[TASK DIRECTIONS] Restate the data word for word and leave the images out.

[INFORMATION SHOWN]
──────────────────────────────

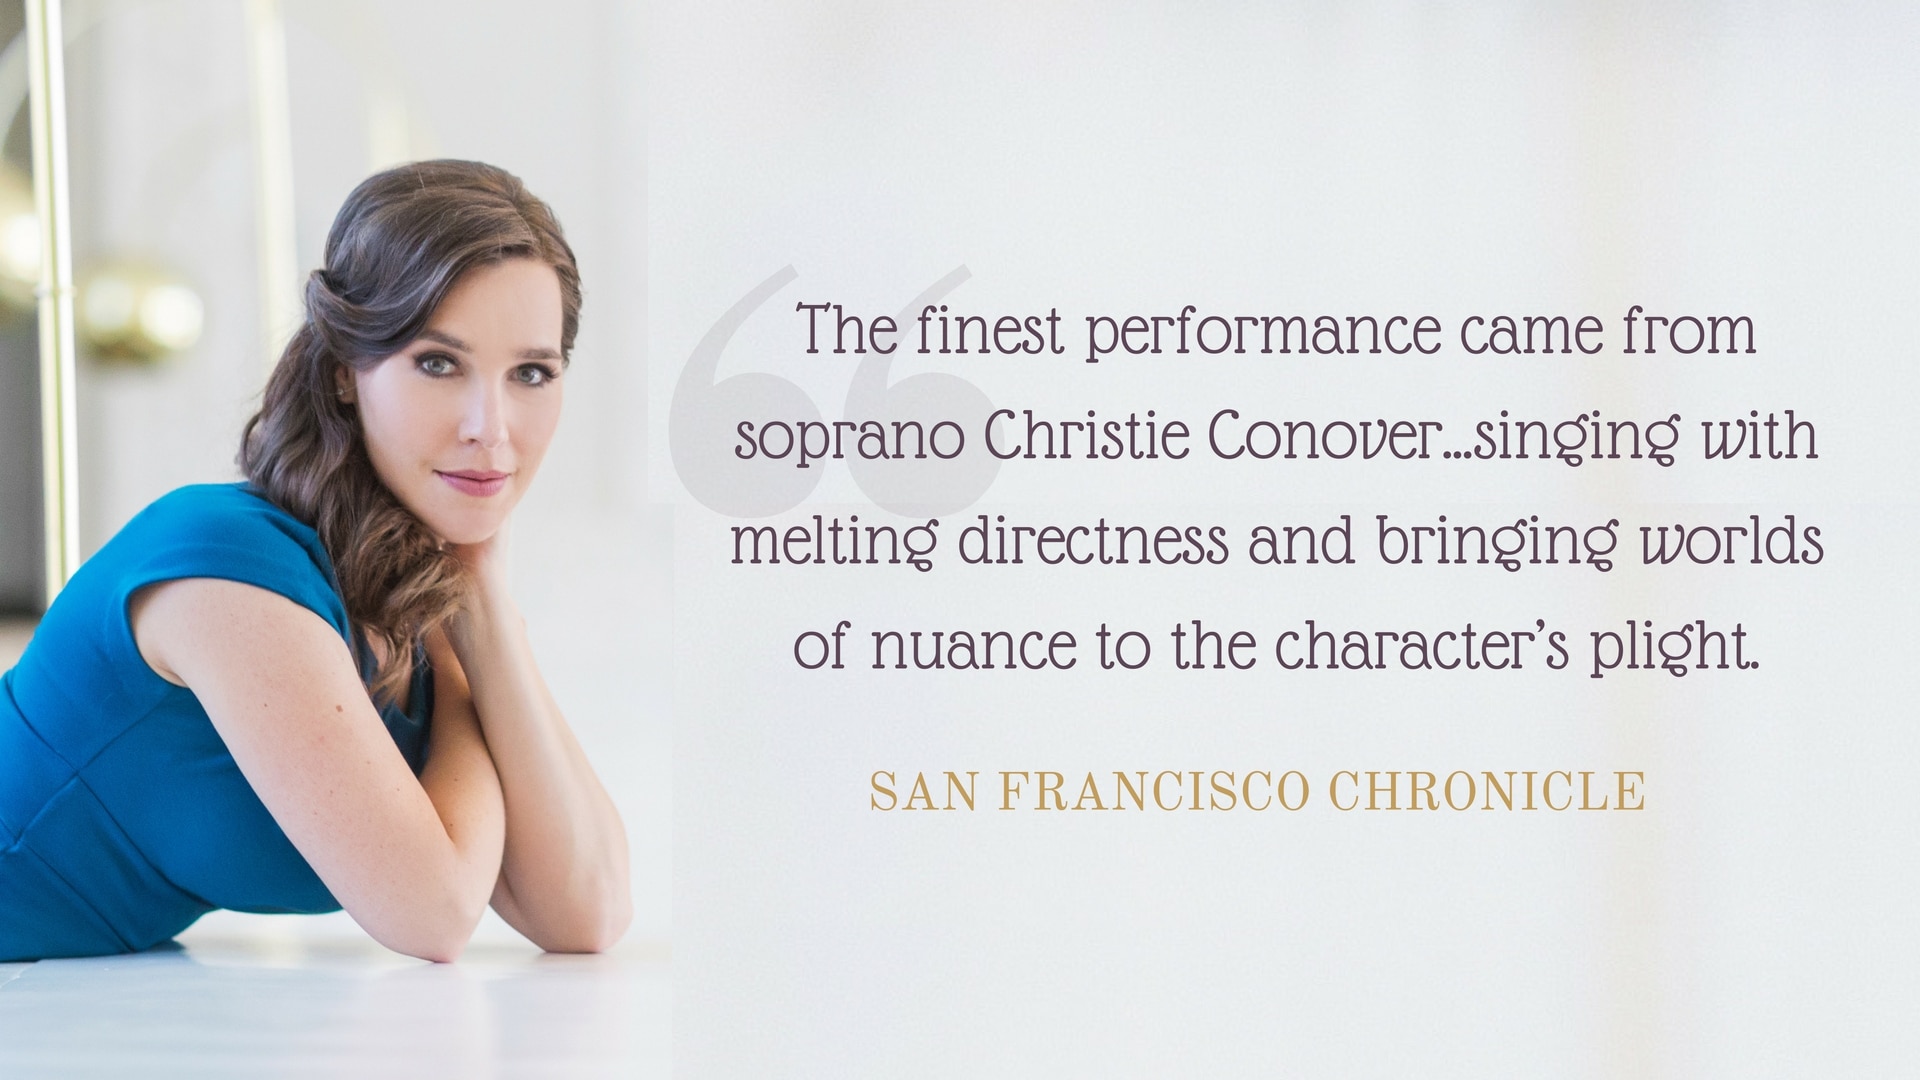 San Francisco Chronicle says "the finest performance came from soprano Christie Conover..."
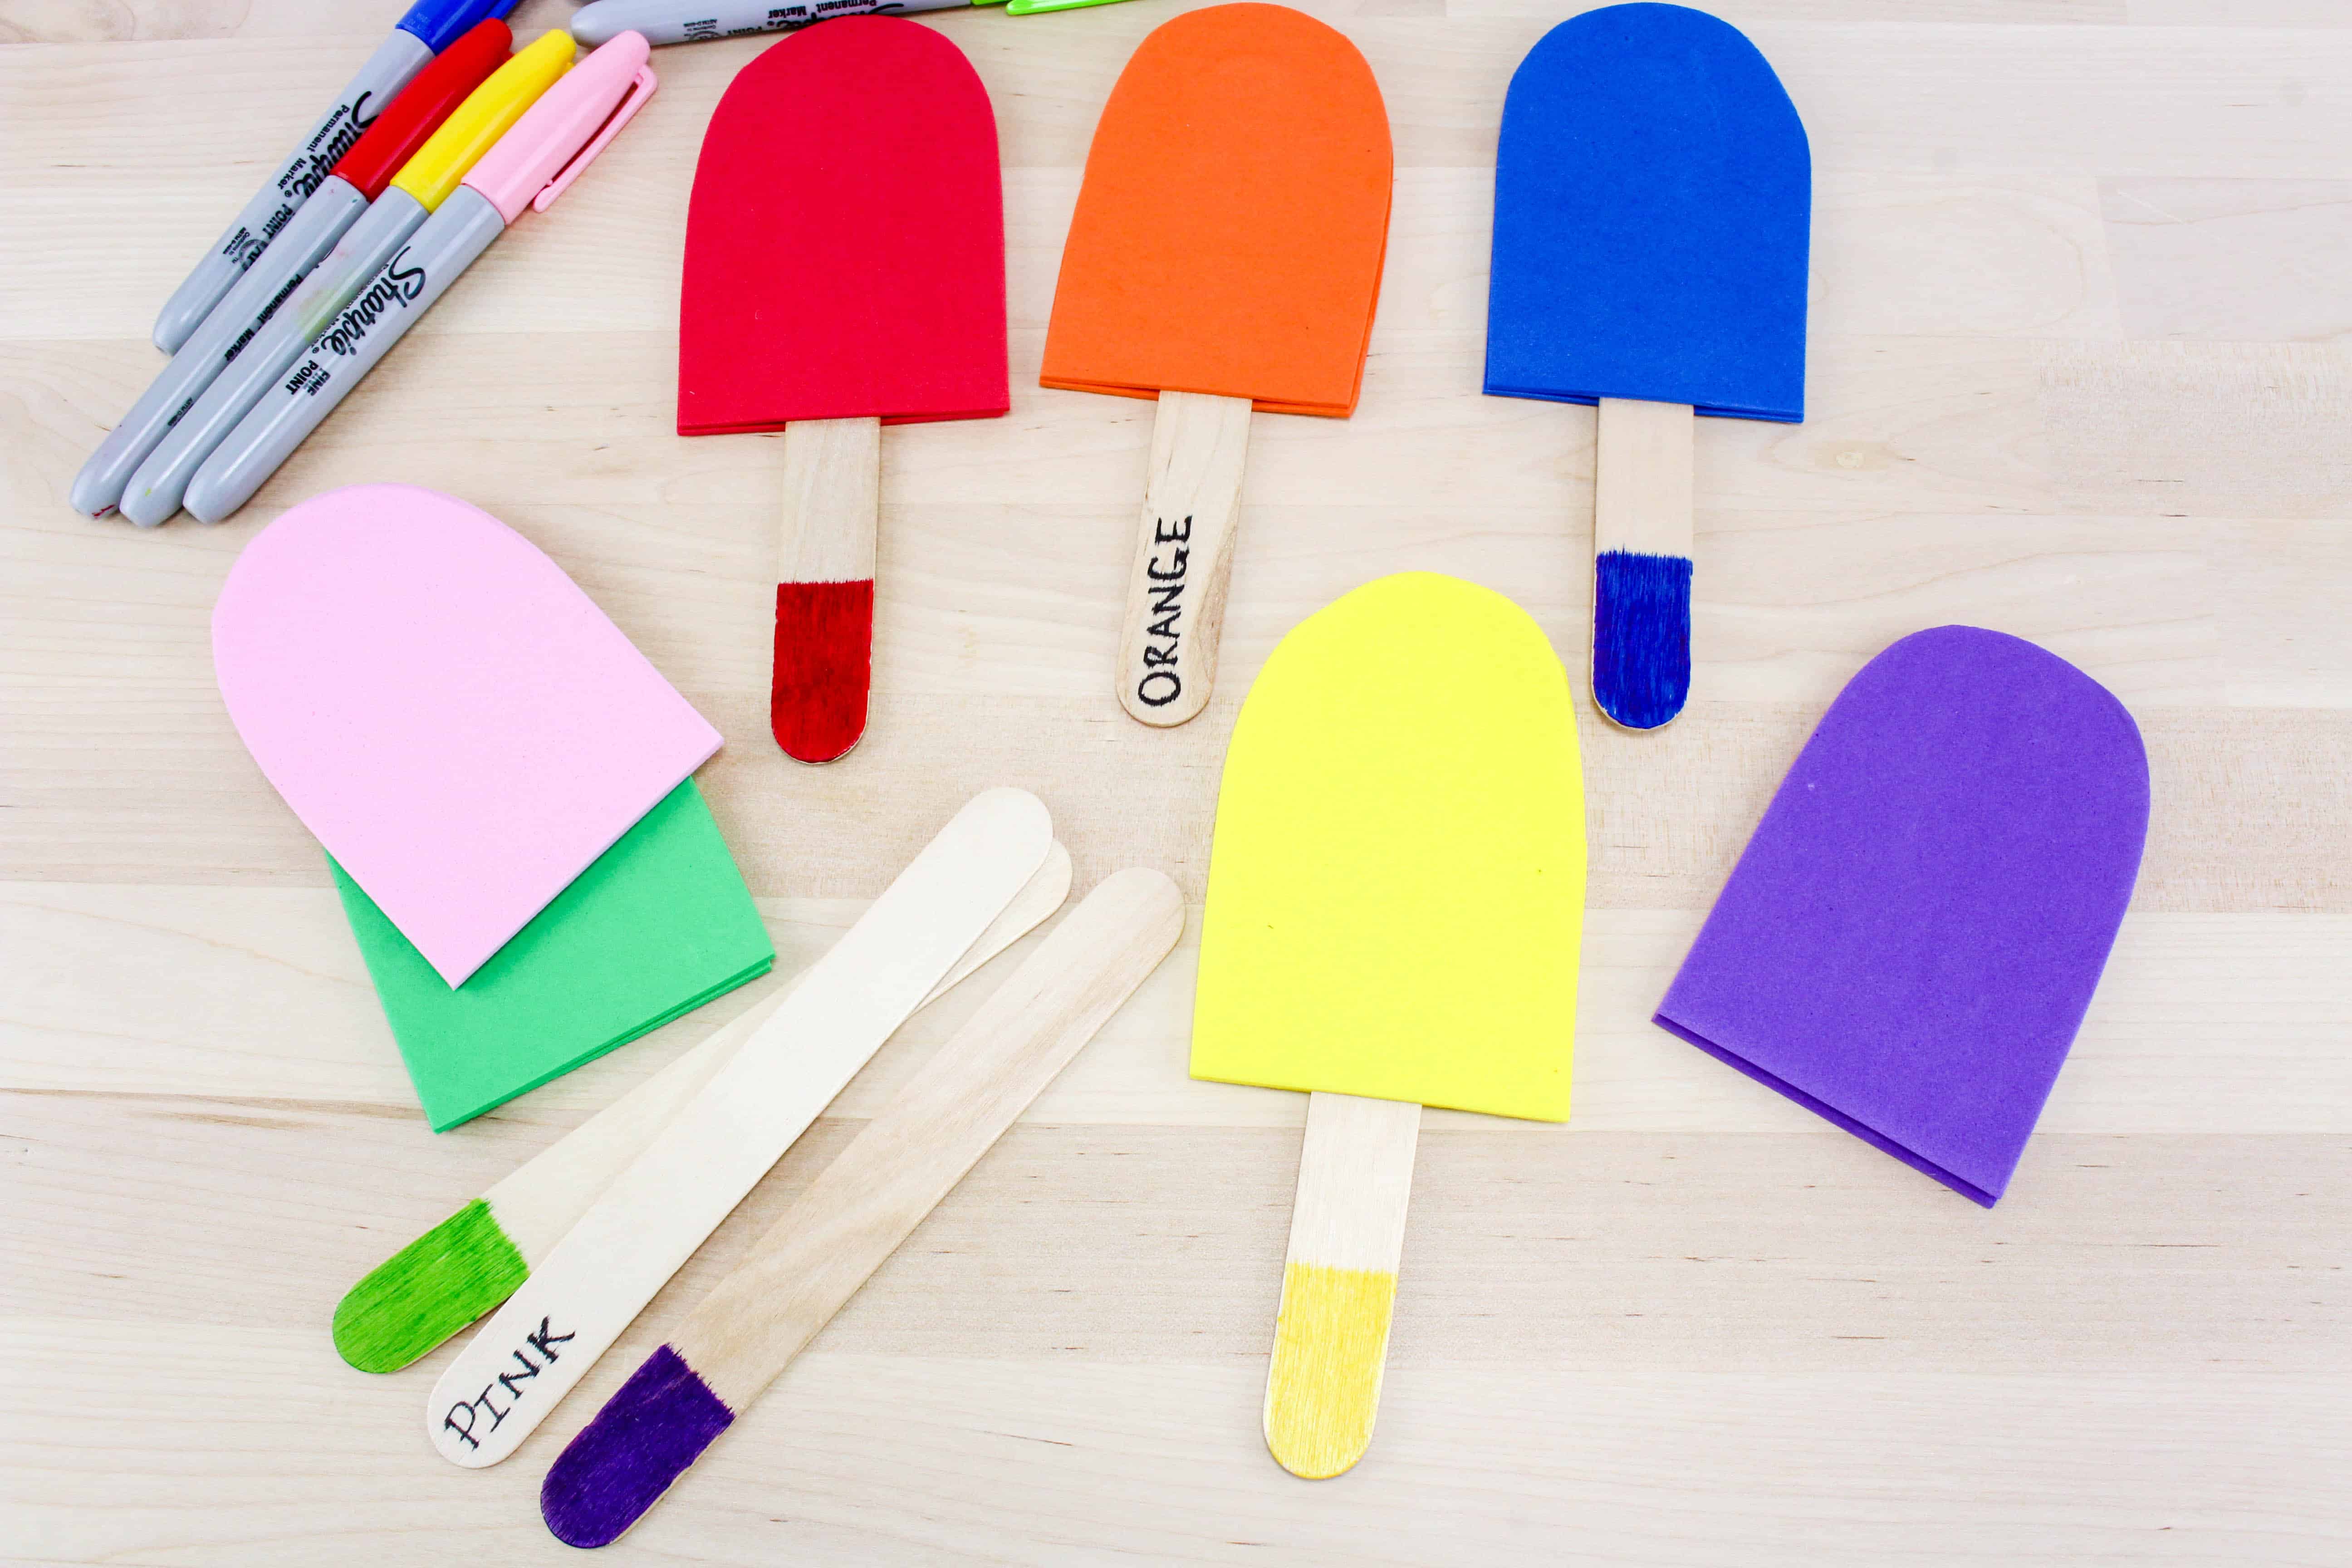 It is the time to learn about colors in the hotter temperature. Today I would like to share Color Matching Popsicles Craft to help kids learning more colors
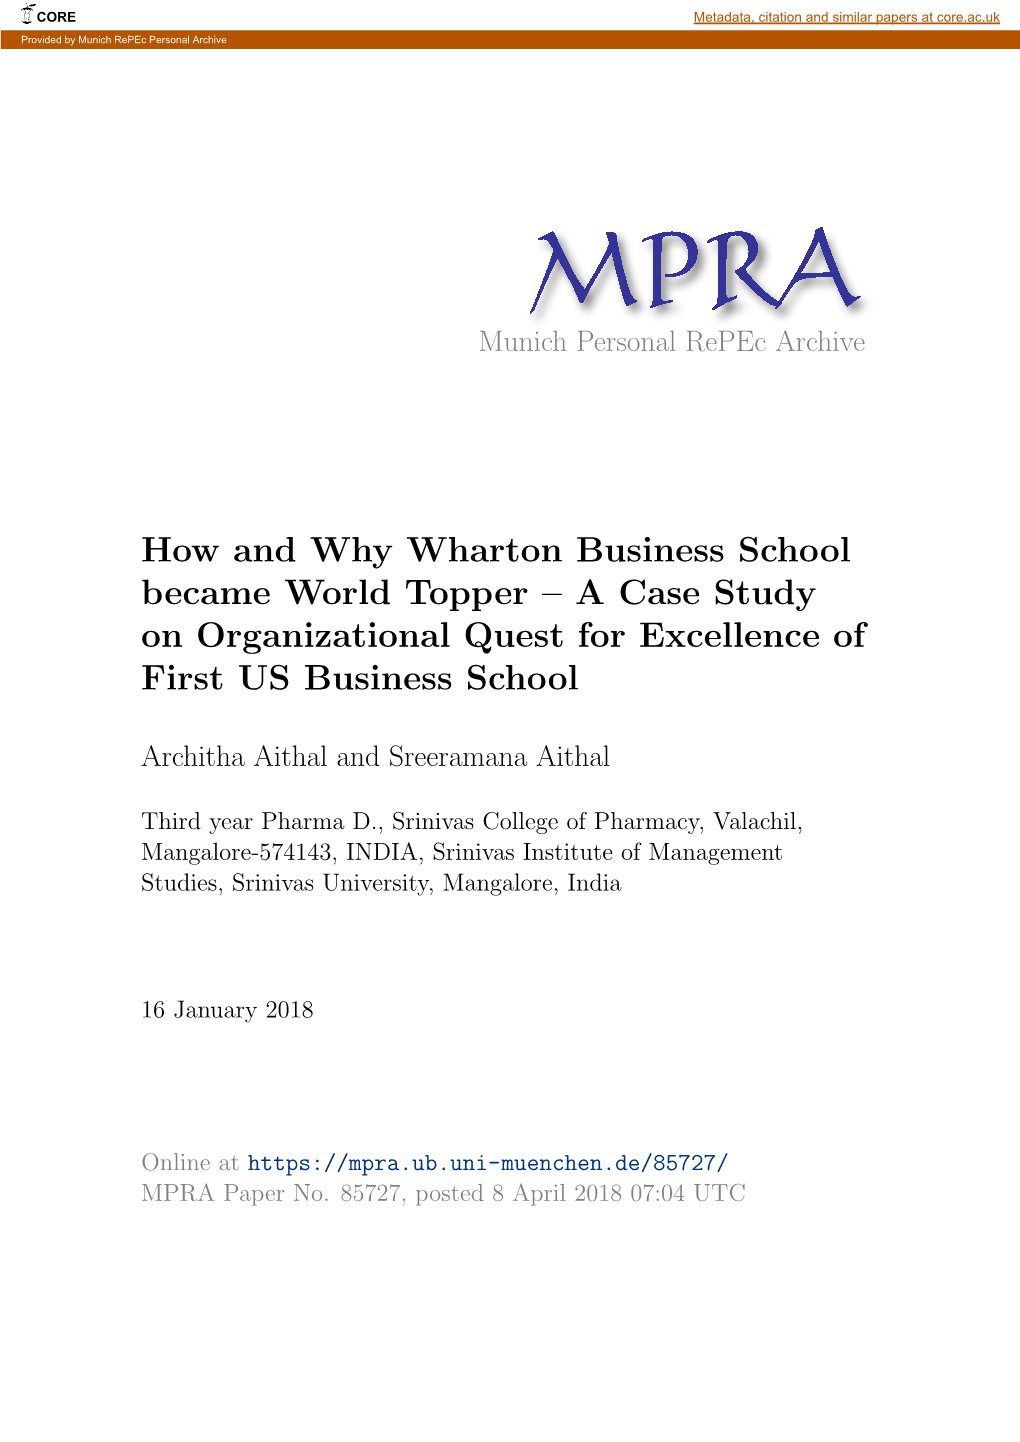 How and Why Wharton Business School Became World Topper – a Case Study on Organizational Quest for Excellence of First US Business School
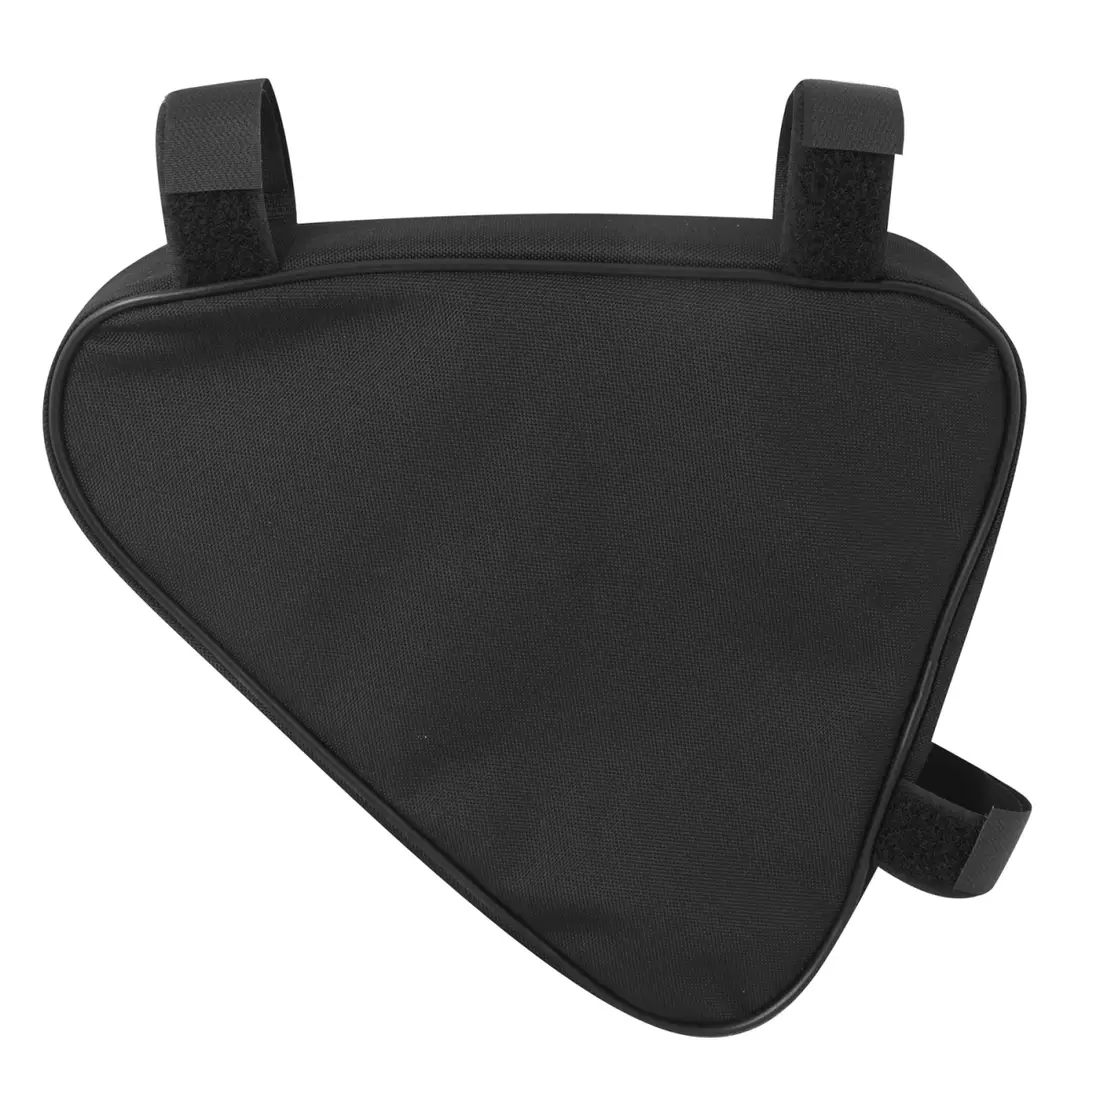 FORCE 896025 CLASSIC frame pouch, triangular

──────────────────────────────

[OUTPUT BELOW]
 San Francisco Chronicle says "the finest performance came from soprano Christie Conover..."
 It is the time to learn about colors in the hotter temperature. Today I would like to share Color Matching Popsicles Craft to help kids learning more colors
 How and Why Wharton Business School Became World Topper – a Case Study on Organizational Quest for Excellence of First US Business School
 FORCE 896025 CLASSIC frame pouch, triangular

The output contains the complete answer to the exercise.